Mientras comían el pollo frío y las zanahorias ralladas que
había comprado en un servicio de catering, le contó lo que
había hecho durante la mañana, el café que había tomado en
el Ecritoire con su prima entre dos clases.
Hippolyte fingía escucharla, pero su mente estaba en otra
parte. Aunque Elisabeth hubiese estado en aquel café
con algún chico interesado en ligar con ella y hubiese dicho
"con mi prima", hacía mucho tiempo que aquellas
informaciones falsas que le daba sobre su vida no le
interesaban. Además estaba urdiendo un plan.
Sonreía, fingía estar atento y se esforzaba para que sus ojos
miraran hacia cualquier parte menos sobre la bandeja y el
juego de llaves.
Elisabeth tenía dos juegos de llaves: el que amarraba
al cinturón de su pantalón o que metía en el bolsillo de su
abrigo y el que tenía en la bandeja, que nunca utilizaba.
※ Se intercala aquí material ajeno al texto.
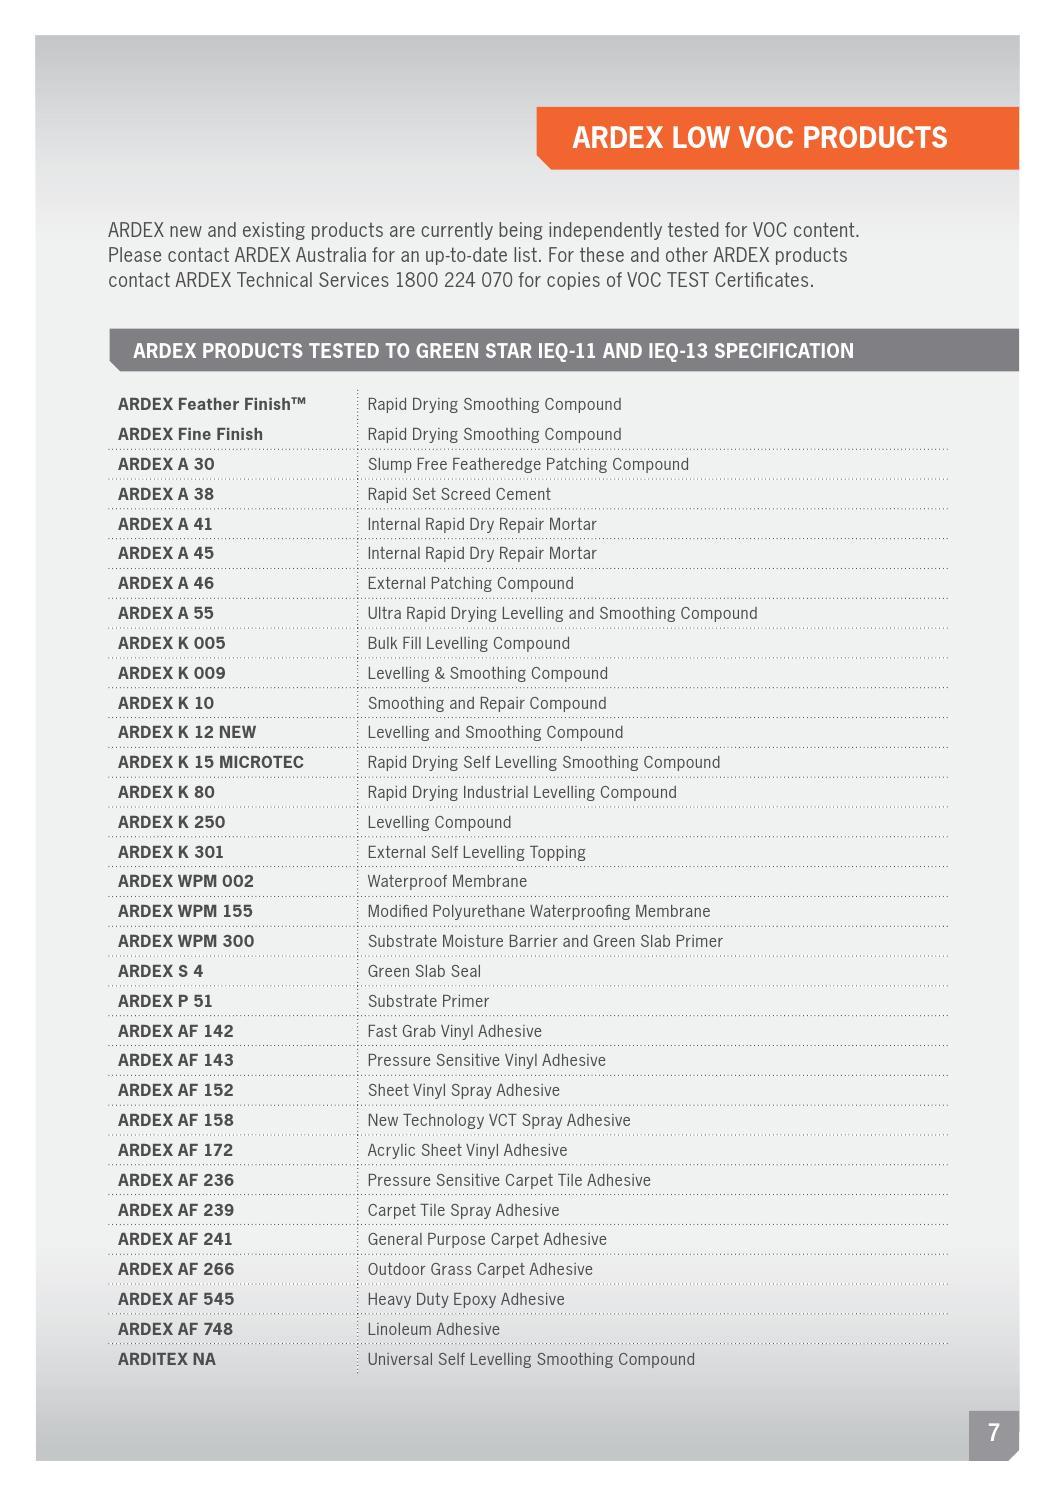 ARDEX 2013 Flooring Product Brochure by ARDEX Australia - issuu

Cuando Hippolyte las vio, su corazón empezó a
latir rápidamente. Unas semanas atrás había olvidado sus
llaves en el apartamento, por lo que Elisabeth tuvo que llamar
a un cerrajero, que le costó 500 francos. Hippolyte pensaba
que luego de ese contratiempo le había confiado su segundo
juego de llaves a Diane. Al constatar que no lo había hecho,
tuvo una idea.
La bandeja, las monedas, las llaves, todos esos objetos de
metal harían mucho ruido al tocarlos. El apartamento
era muy pequeño y aunque Elisabeth estuviese en el baño o
en la cocina, escucharía ese ruido. Hippolyte, indeciso, levantó
la mirada y vio los diarios guardados en lo alto de
la estantería: la fruta prohibida, más suculenta que las
zanahorias, aunque menos rica en vitamina A.
Venus, alma Venus tuvo lástima de su infortunado servidor y
le envió una idea. Hippolyte sacó de su bolsillo una especie de
juego electrónico, japonés como el colchón que le había
regalado Elisabeth, una placa del tamaño de un paquete de
cigarrillo que al tocar las teclas, éstas producían diferentes
ruidos.
– ¿Puedes hacer café?
Comenzó a tamborilear el objeto
que inmediatamente produjo una serie de sonidos divertidos,
un silbido, un avión, una metralleta. Elisabeth, que adoraba
ese objeto, estalló en risas y se levantó para poner la tetera
sobre la hornilla. Le dio la espalda a Hippolyte, quien tomó el
juego de llaves con su mano derecha y lo colocó en su bolsillo.
Como previsto, se produjo un ruido metálico que quedó
cubierto por el ruido del aparato que manipulaba con la otra
mano. Elisabeth regresó a la mesa: “El agua hervirá en
algunos minutos”.
Los minutos siguientes le parecieron extremadamente largos.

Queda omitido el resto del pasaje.